Candidate Key Characteristics (in relation to Primary Key)

  • A relation can have more than one Candidate Key.
  • Candidate Key attributes cannot contain NULL values.
  • However, a relation inherently possesses Candidate Keys, and one must be designated (implicitly or explicitly) for the relation to be well-defined and to select a Primary Key.
  • A Candidate Key specifies an attribute (or set of attributes) that qualifies to be a Primary Key.
  • However, while any Candidate Key could be chosen as the Primary Key, only one is selected. Not every Candidate Key will become the Primary Key if multiple exist.

Transitive Dependencies and Third Normal Form (3NF)

A transitive dependency in a database occurs when a non-prime attribute (an attribute not part of any Candidate Key) is functionally dependent on another non-prime attribute, which in turn is functionally dependent on the Primary Key. In simpler terms, it means that if A → B and B → C, then A → C represents a transitive dependency, where A is the Primary Key, and B and C are non-prime attributes, and B is not itself a candidate key.

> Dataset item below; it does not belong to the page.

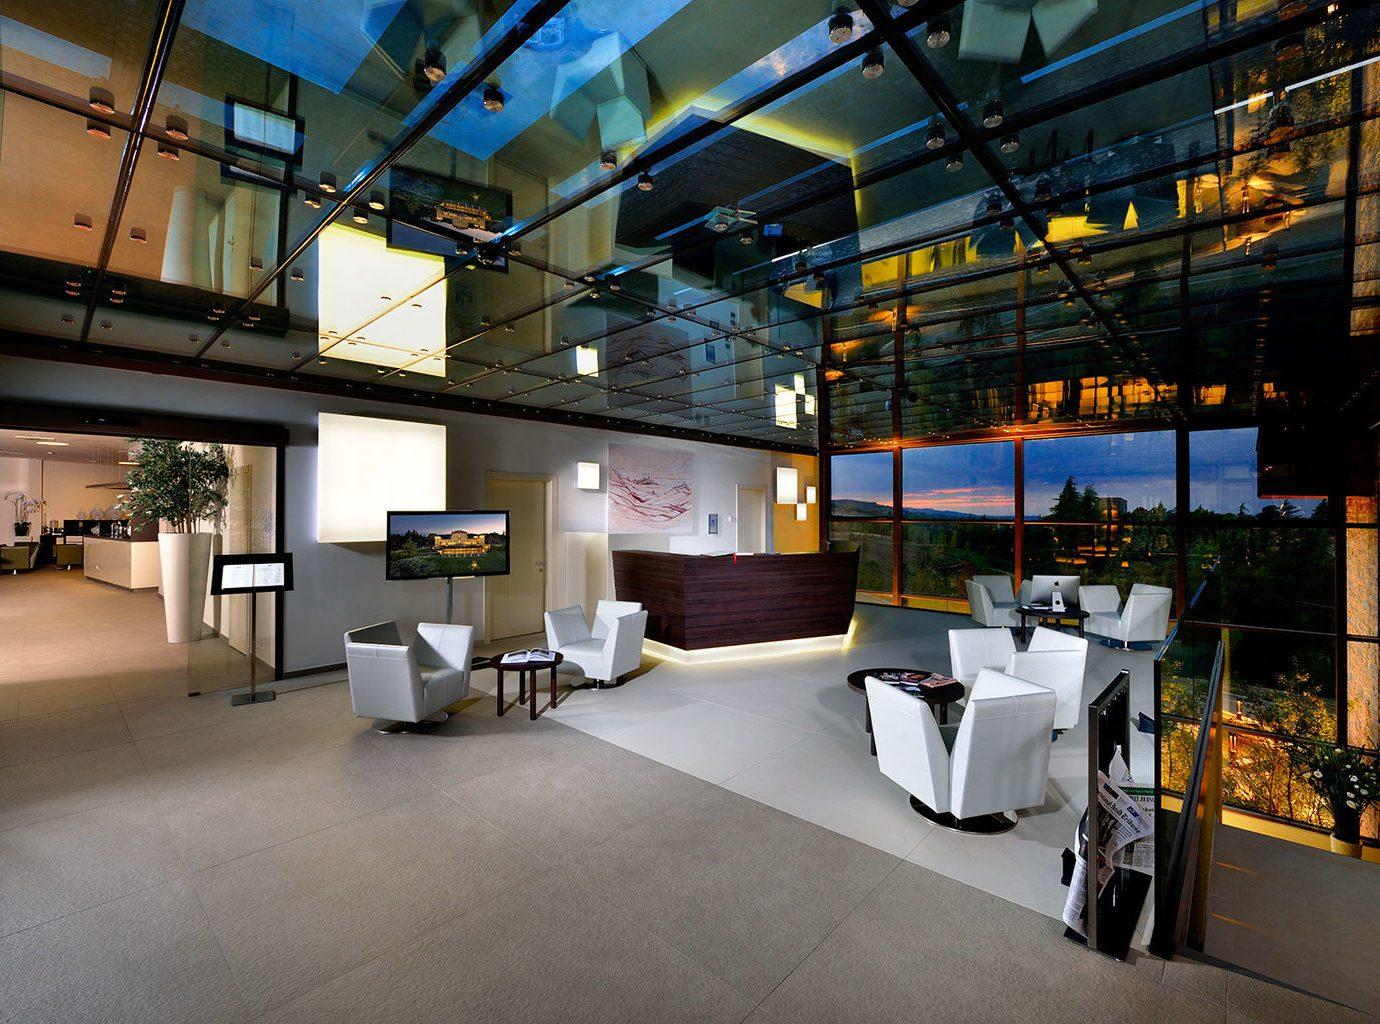 Lobby Luxury Modern building Architecture tourist attraction
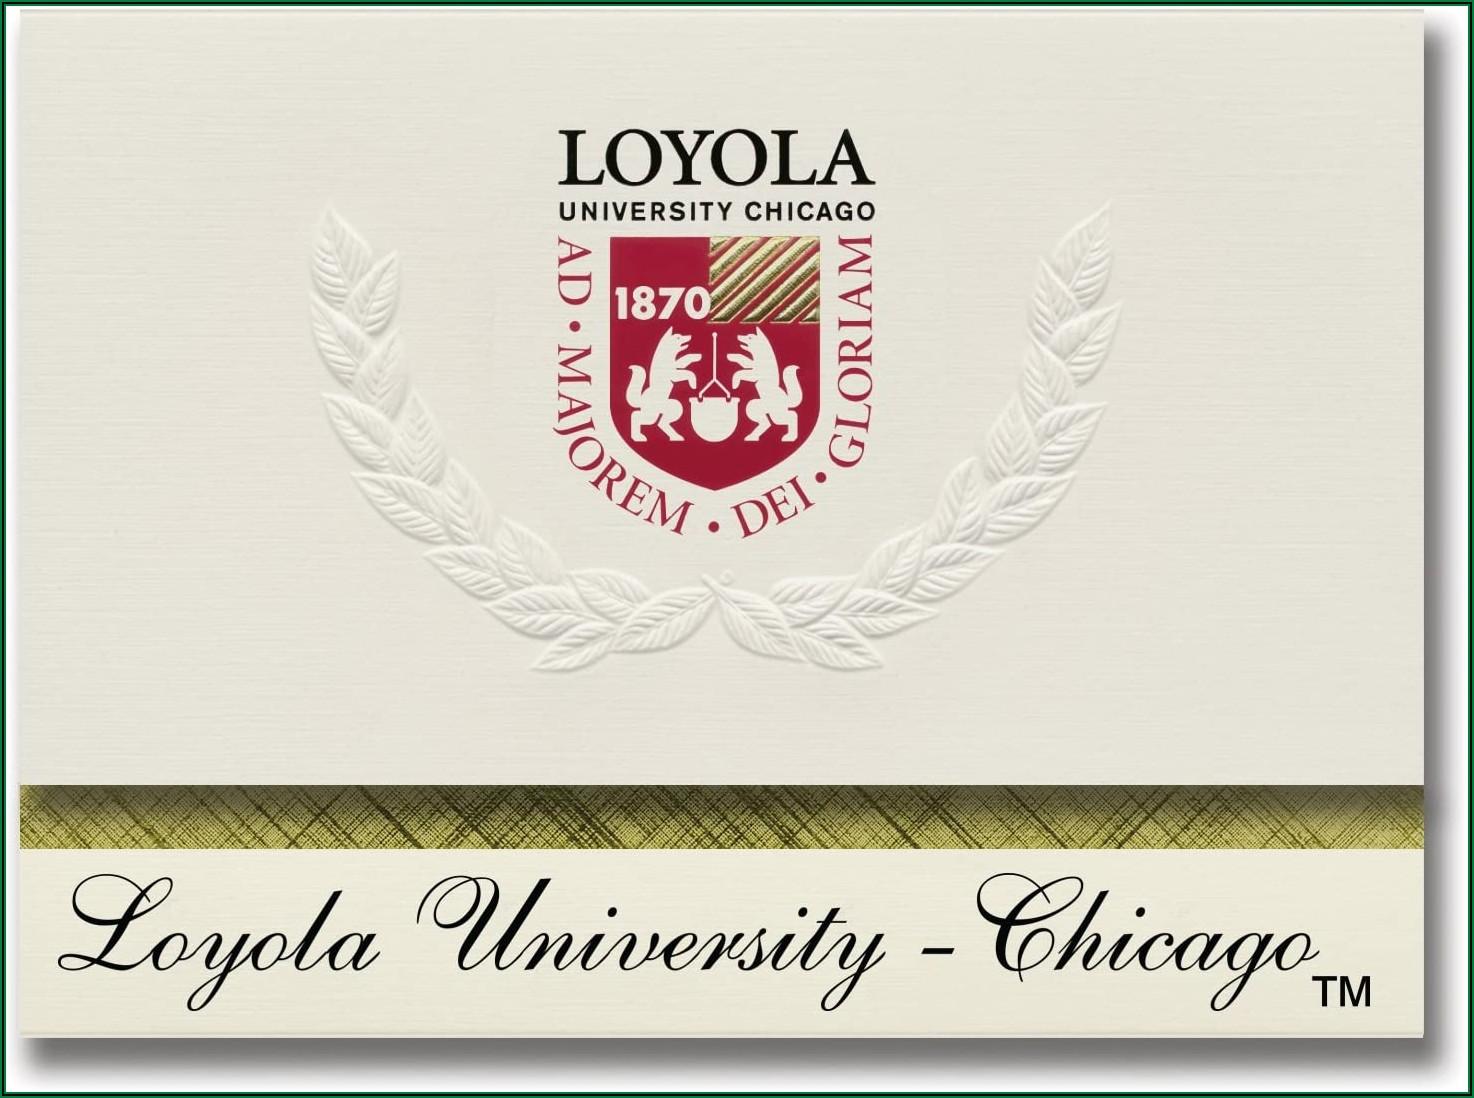 Loyola University Chicago Graduation Announcements

In the context of Third Normal Form (3NF), transitive dependencies are not permitted. To achieve 3NF, all non-prime attributes must be directly dependent on the entire Primary Key, without any transitive dependencies.

Example of Transitive Dependency

Consider a table with columns: EmployeeID (Primary Key), DepartmentID, and ManagerName. Here, DepartmentID is functionally dependent on EmployeeID (as an employee belongs to a department), and ManagerName is functionally dependent on DepartmentID (as each department has a manager). However, ManagerName is indirectly dependent on EmployeeID through DepartmentID, creating a transitive dependency. To normalize this table into 3NF, you would split it into two tables: Employee (EmployeeID, DepartmentID) and Department (DepartmentID, ManagerName), thereby removing the transitive dependency.

Understanding Second Normal Form (2NF)

A table in Second Normal Form (2NF) has the following characteristics:

  • It is already in First Normal Form (1NF), meaning it has no repeating groups and all attribute values are atomic.
  • All non-prime attributes are fully functionally dependent on the entire Primary Key.
  • In other words, every non-prime attribute must depend on the whole Primary Key, not just a part of it (if the Primary Key is composite).
  • This means there are no partial dependencies, where a non-prime attribute is dependent on only a portion of a composite Primary Key.